Não sabemos se Vossa Magestade se lembra ainda do dia 24 de julho. Para as almas que palpi. tam ahi, na sombra inviolavel, os factos da vida terrestre devem ser como farrapos fuscos de sonhos extinctos, sem intenção e sem idéa. Mas Vossa Magestade pode perguntar ao seu velho amigo duque da Terceira; lembre lhe a batalha de 23 e os fogos accesos de noite no pontal de Cacilhas!

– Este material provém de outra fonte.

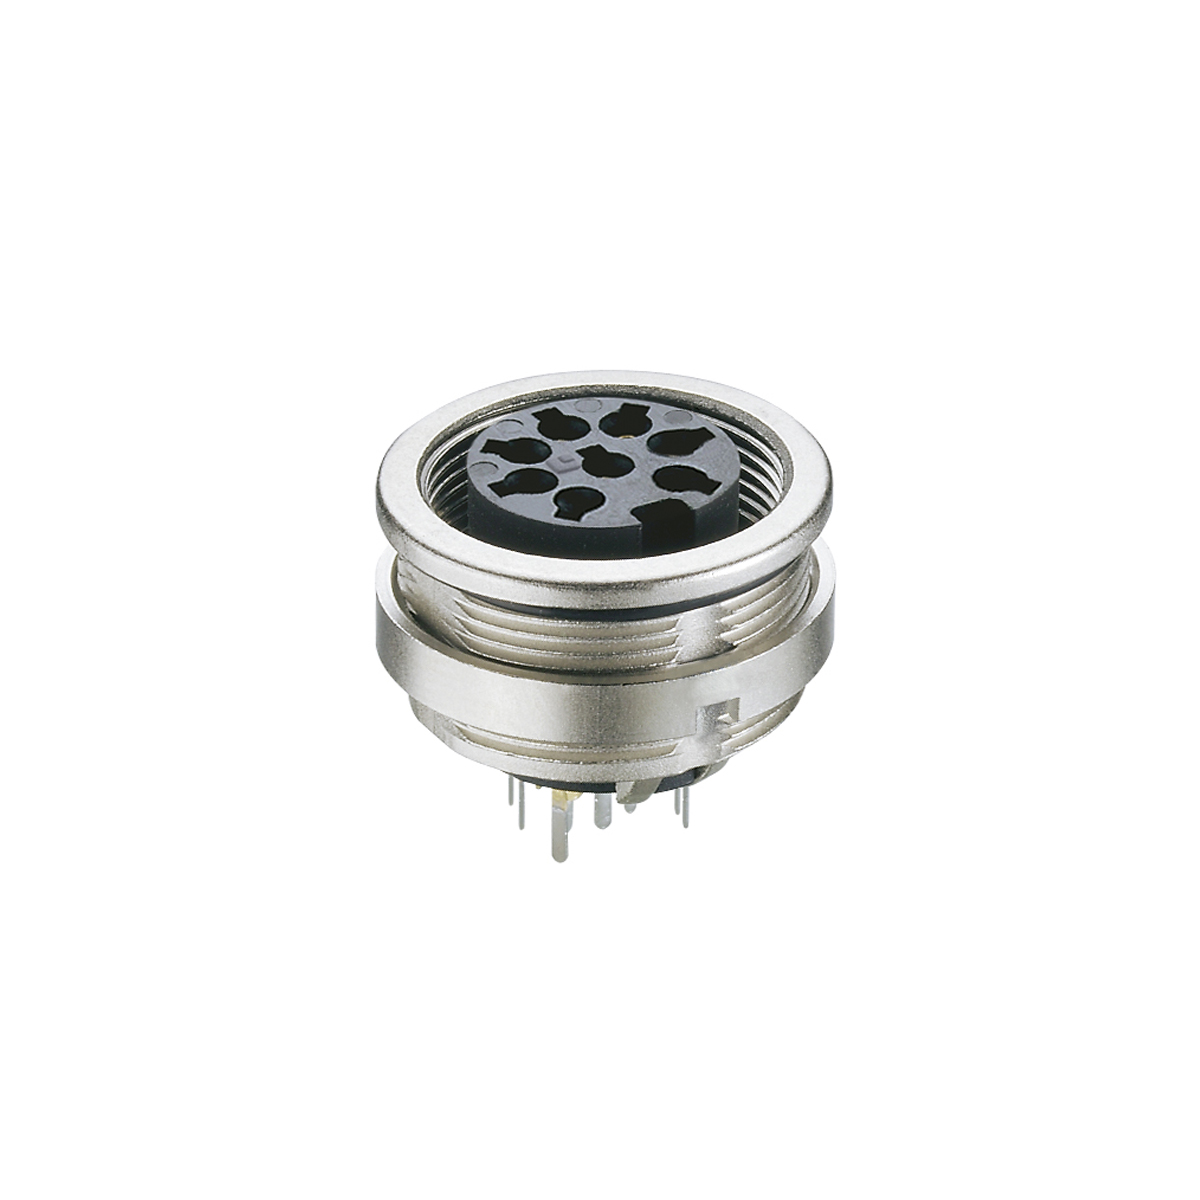 Lumberg: 0306-1 (Series 03 | Circular connectors with threaded joint M16 acc. to IEC 61076-2-106, IP40/IP68)

Ora deve saber Vossa Magestade que durante 36 annos o dia 24 de julho e as suas glorias estiveram sepultados insondavelmente no fundo das memorias veteranas. Nunca ninguem se lembrou que n’aquelle dia o duque da Terceira tivesse dado uma capital aos constitucionaes. Os velhos, senhor, teem a memoria fugitiva como a agua dos rios: e os novos, a quem a educação revolucionaria alterou a curiosidade, nunca voltam os olhos para traz, para a região calada onde jazem as suas batalhas e as suas leis. Todos os annos, senhor, passava por nós entre a sequencia dos dias, o 24 de julho, e ninguem o notava, como se não nota, na passagem de um regimento, um soldado sem nome.
Deve parecer-lhe pois singular, senhor, que pas. sados 36 annos de indifferença sobre o 24, o fossem desenterrar do passado, vestil-o de gala, e fazelo reinar —— como aquella monotona Ignez de Castro
«Misera e mesquinha "Que depois de morta foi rainha.
Eis, senhor, o que se tinha passado. Sua Magestade o Rei actual, neto de Vossa Magestade, tinha ido ao Porto. O Porto, senhor, está bem differente do que Vossa Magestade o conheceu, n’outras épocas de batalha e de necessidade.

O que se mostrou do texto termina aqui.